Hepimizin gün içinde belki de defalarca kullandığı ya da dinlediği bir kavram stres. Stresle baş etme ile ilgili bir sürü bilgiyle karşılaşıyor ya da araştırıyoruz. Birçok sorunumuzu stresle açıklıyor ve kimi zaman da stres kaynaklarımızın üzerinde durmuyor, geçiştiriyoruz. Peki nedir bu stres? Stres bizi nasıl etkiler?
Stres, organizmanın içeriden ya da dışarıdan gelen tehditlere karşı vücut tarafından oluşturulan duygusal, fiziksel ve zihinsel bir tepkidir. Yoğun stres altında vücudumuz savaş-kaç yanıtını oluşturur. Bunun için ise bedenin enerji kaynaklarını harekete geçirmeye yardımcı olur ve stres durumunda sempatik sinir sistemi devreye girer. Sempatik sinir sistemi devreye girdiğinde bedeni savaş-kaç yanıtına hazırlar.
- Tehlike anında daha iyi görebilmek için göz bebekleri büyür.

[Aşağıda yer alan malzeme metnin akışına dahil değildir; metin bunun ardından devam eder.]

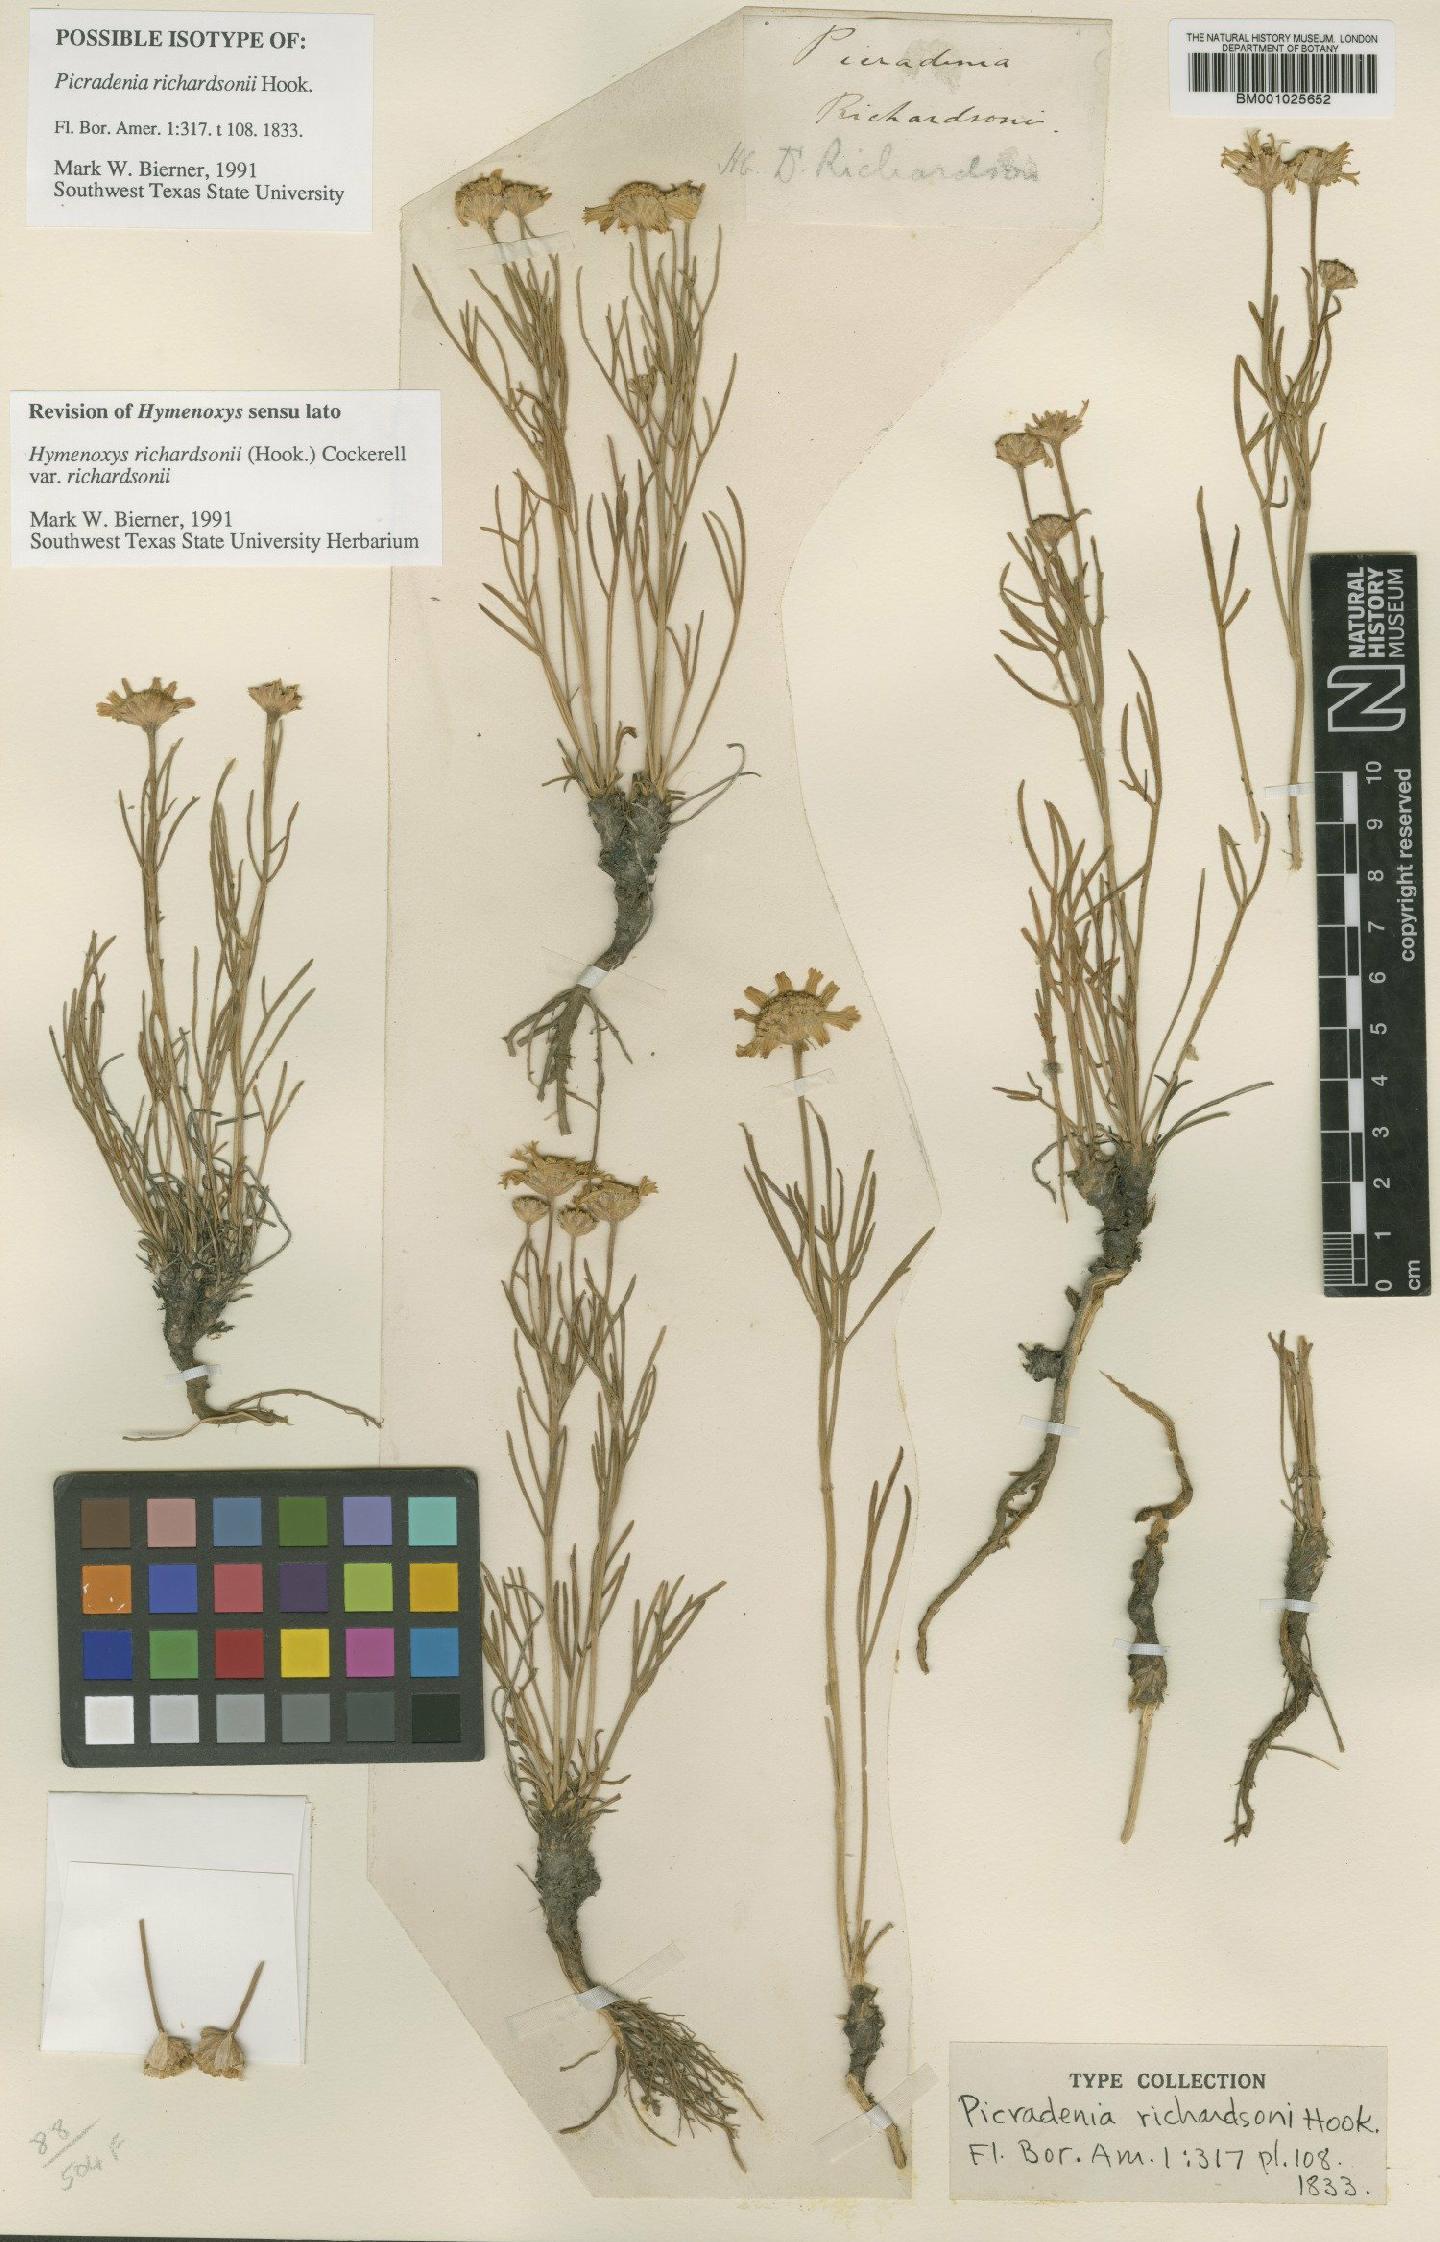 To NHMUK collection (Hymenoxys richardsonii var. richardsonii (Hook.) Cockerell; Isotype; NHMUK:ecatalogue:1186153)

- Oksijenin hızlı dağıtımı için kalp hızı artar ve oksijenin daha sağlıklı bir şekilde dağılabilmesi için solunum yolu kasları gevşer.
- Vücuda enerji sağlayabilmek için glikoz üretimi artarak kan şekeri yükselir.
- Enerjiyi tehlikeli durumla baş etmeye yönlendirmek için kaslara kan akışı artar; sindirim yavaşlar.
- Ter üretimi artar ve tüylerin diken diken olma durumu yaşanır.
Savaş-Kaç Yanıtı ve Stresin Biyolojisi
Stresin bedensel etkilerini açıklamaya devam etmeden önce vücudun savaş-kaç yanıtıyla ilgili bilgi vermek yerinde olacaktır. İnsanoğlu kaygı, korku gibi duygularla evrimleşmiştir. Bu duygular ilk insanlar için de hayati önem taşımaktadır. İlk insanlar vahşi hayvanlar veya düşmanlar gibi tehditler karşısında savaş-kaç yanıtları geliştirmişlerdir. Günümüzde yaşanan tehlikeler daha soyut olsa da insan fizyolojisi ilk insanlarla aynı tepkileri vermektedir.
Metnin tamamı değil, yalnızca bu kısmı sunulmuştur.